BEGIN Exercise data

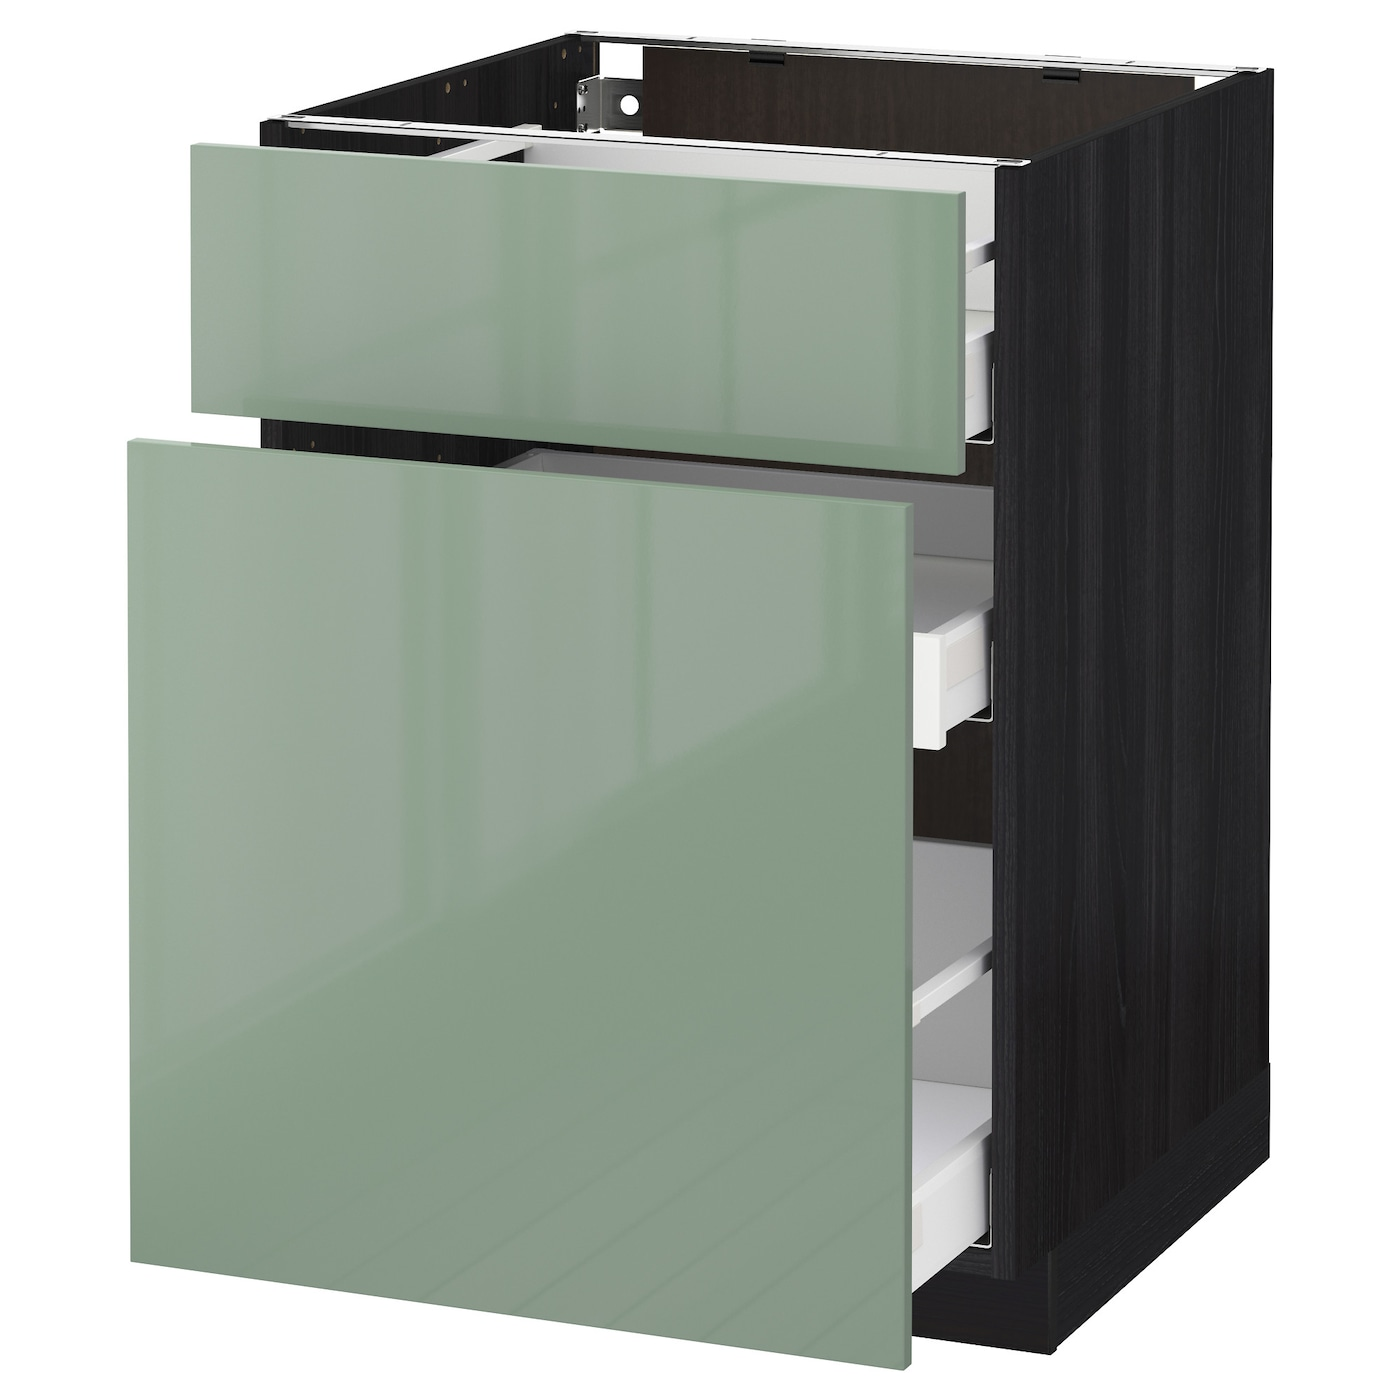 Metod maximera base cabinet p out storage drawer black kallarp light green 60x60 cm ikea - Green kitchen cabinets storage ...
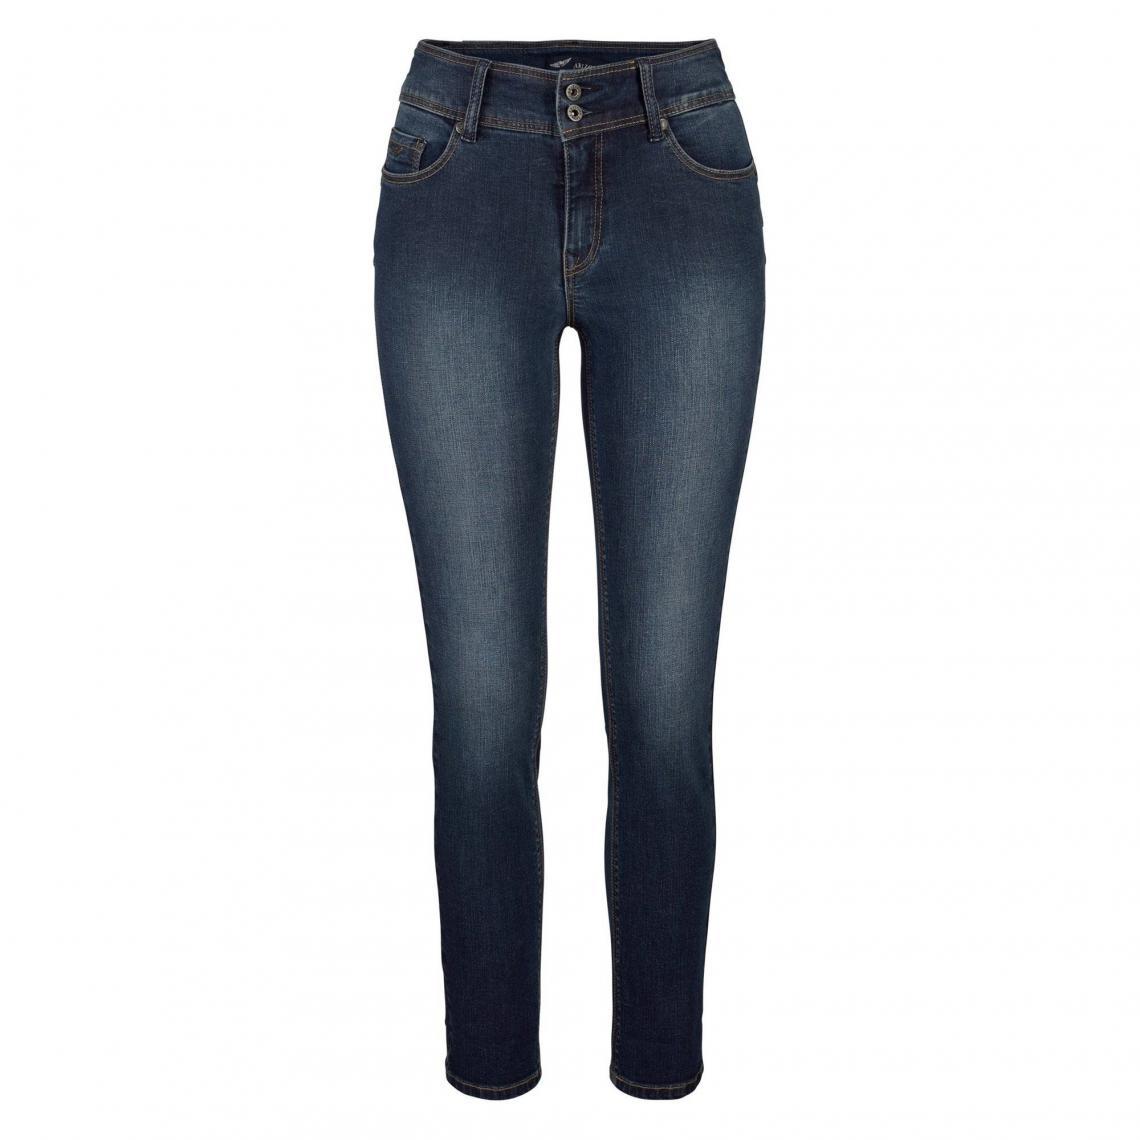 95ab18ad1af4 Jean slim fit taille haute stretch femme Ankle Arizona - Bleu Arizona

END Exercise data
BEGIN Exercise data

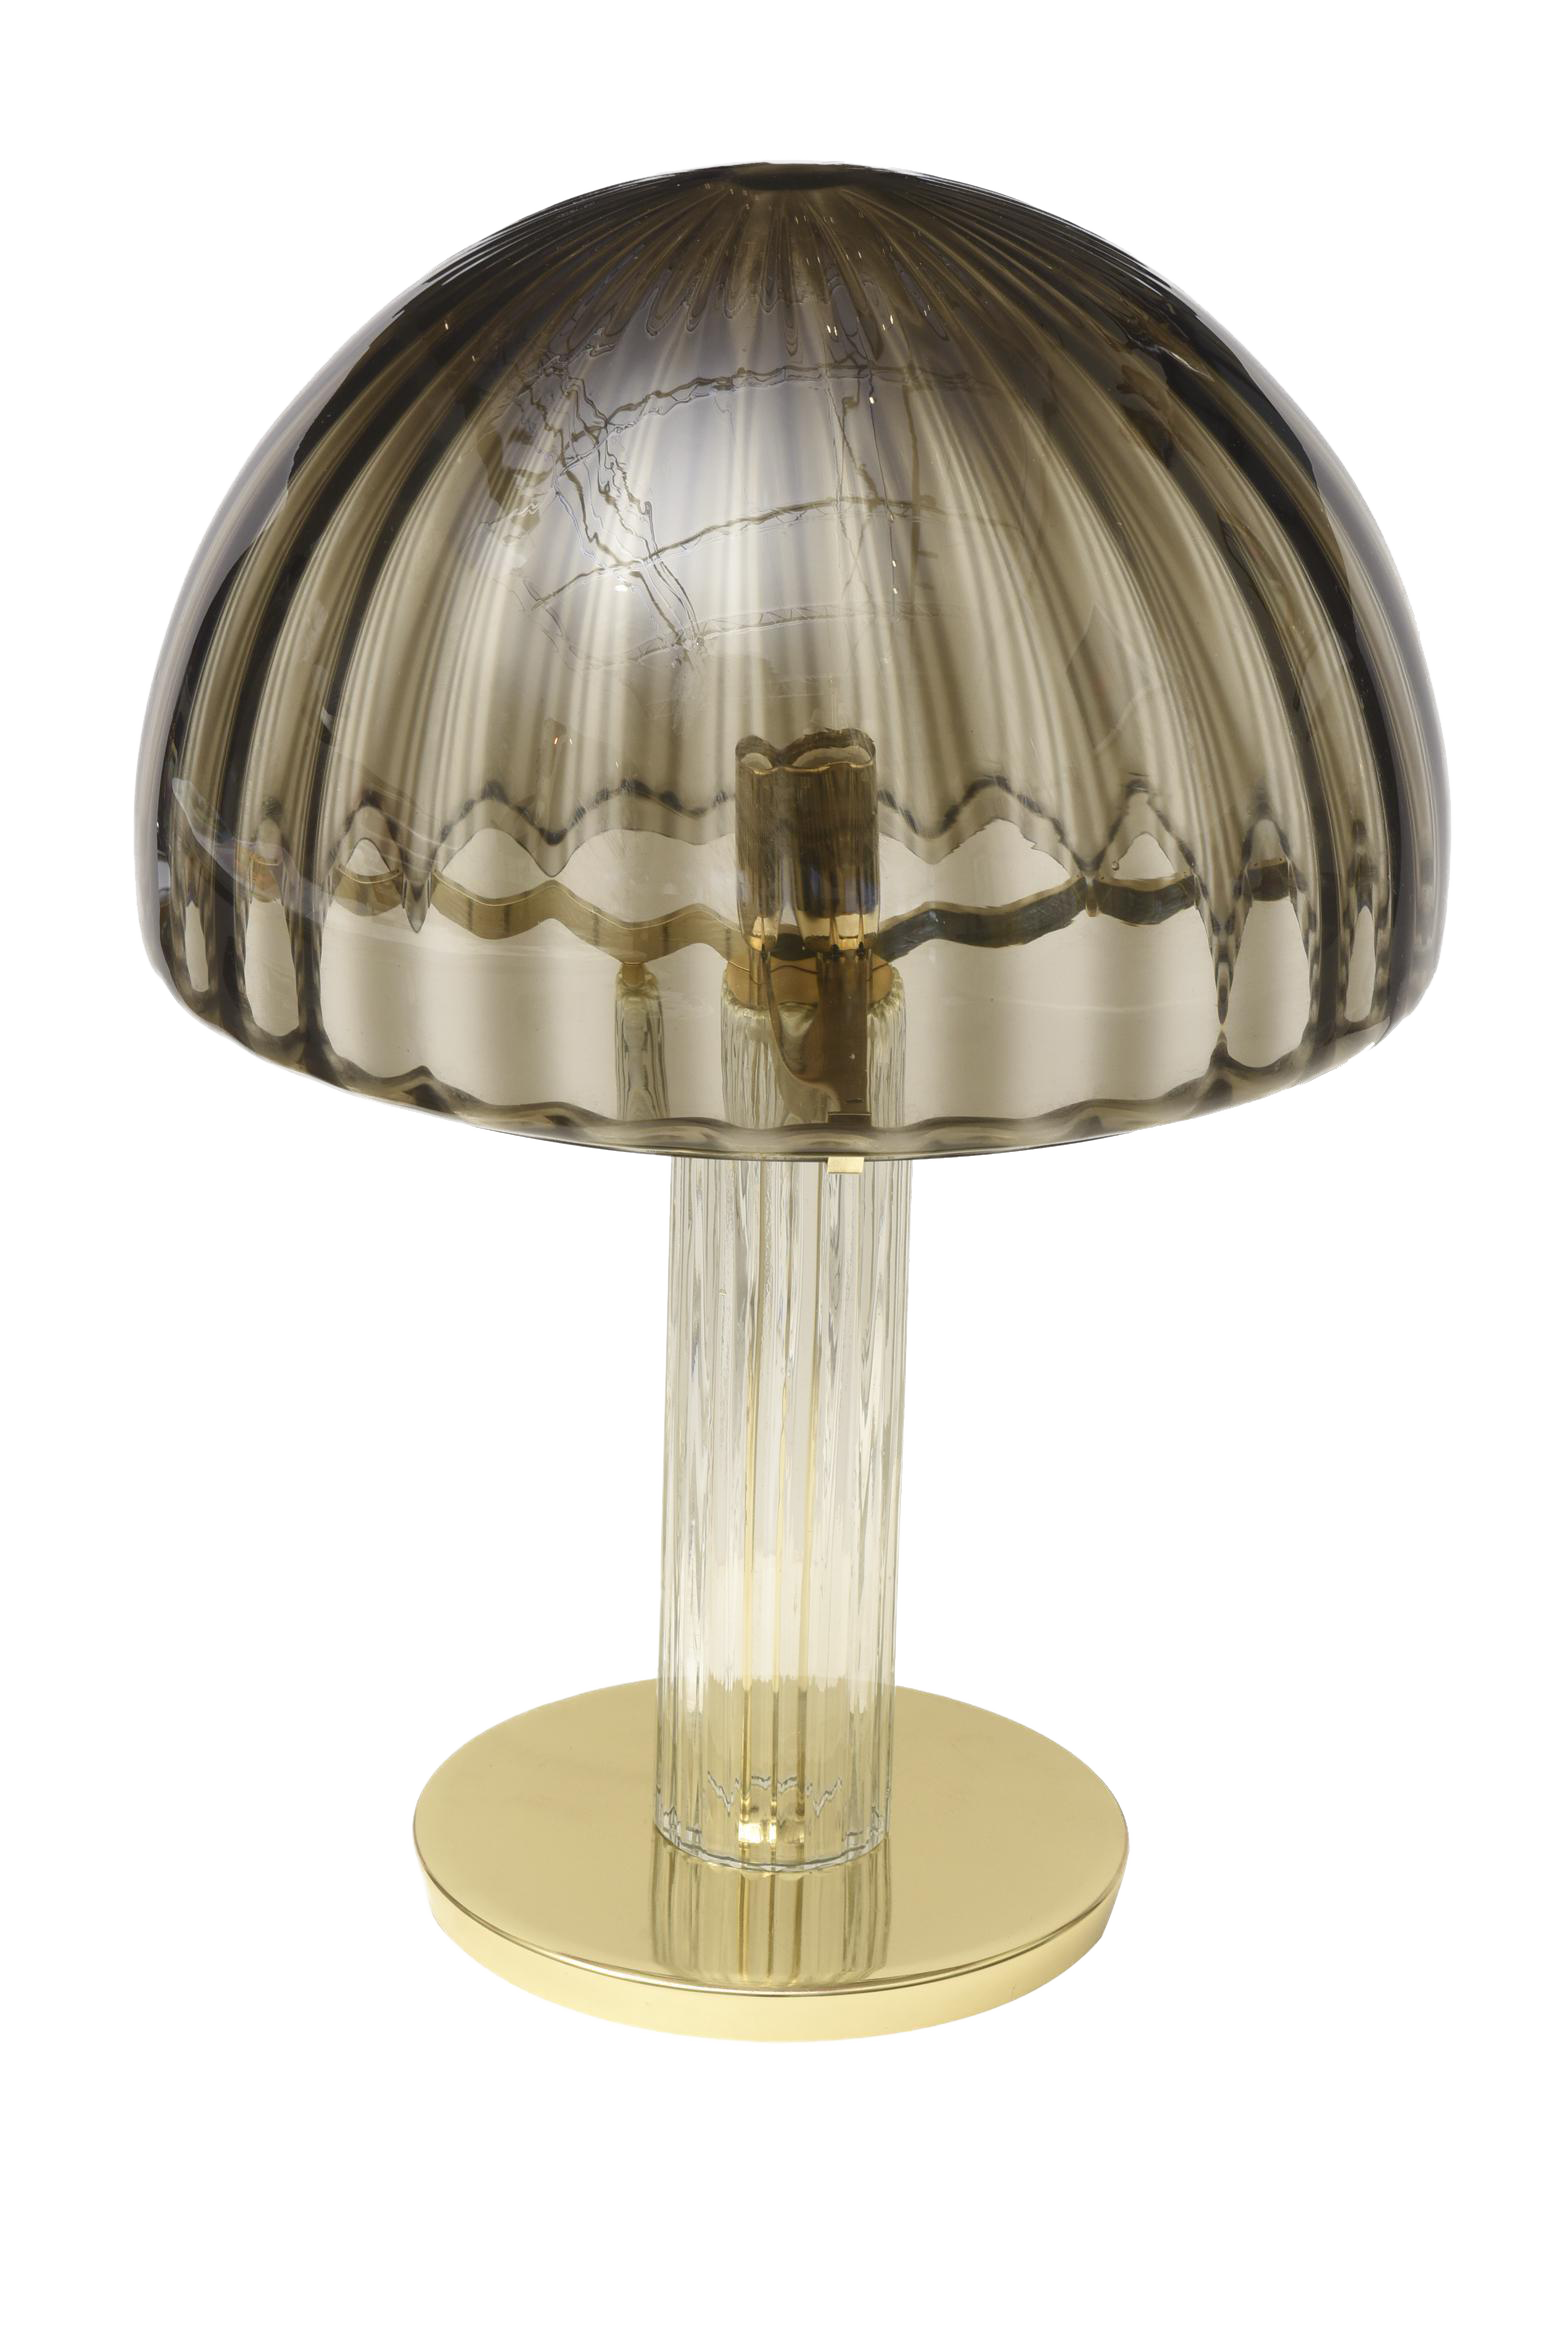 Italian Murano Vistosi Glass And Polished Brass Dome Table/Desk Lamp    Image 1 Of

END Exercise data
BEGIN Exercise data

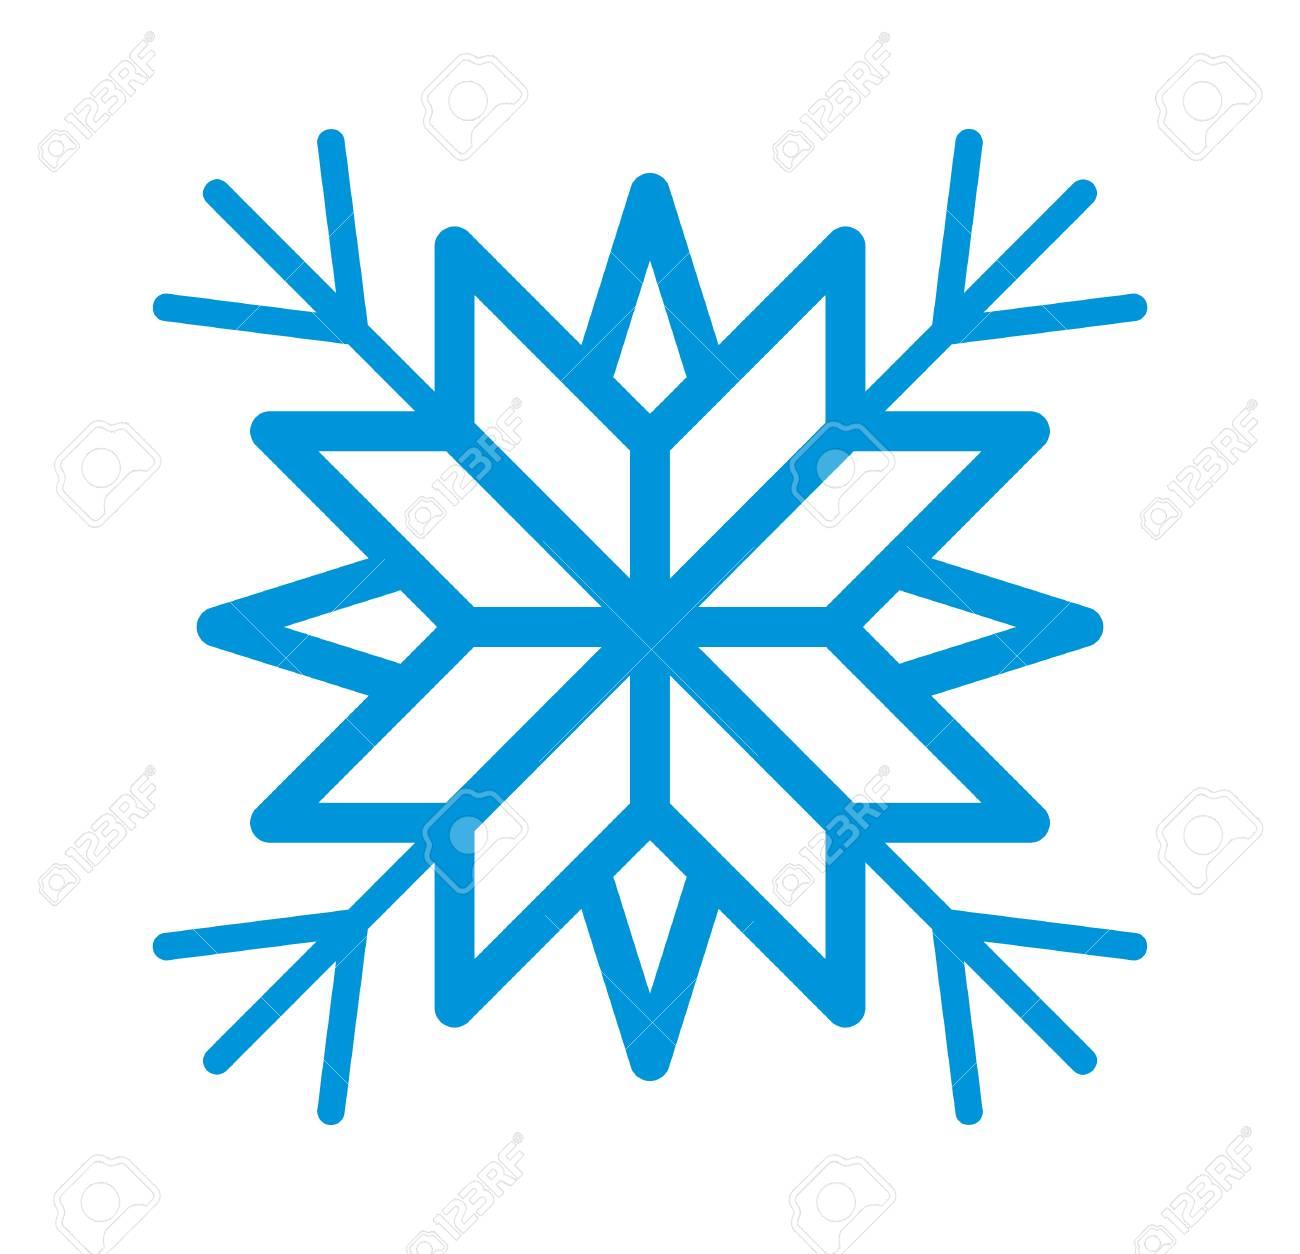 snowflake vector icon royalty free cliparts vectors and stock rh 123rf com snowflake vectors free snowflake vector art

END Exercise data

● Instructions for the task
Starting with the line that contains "Metod maximera base" and finishing with the line that contains "95ab18ad1af4 Jean slim", reproduce every line of the material above exactly, but not the pictures.

● Response to the task
 Metod maximera base cabinet p out storage drawer black kallarp light green 60x60 cm ikea - Green kitchen cabinets storage ...
 95ab18ad1af4 Jean slim fit taille haute stretch femme Ankle Arizona - Bleu Arizona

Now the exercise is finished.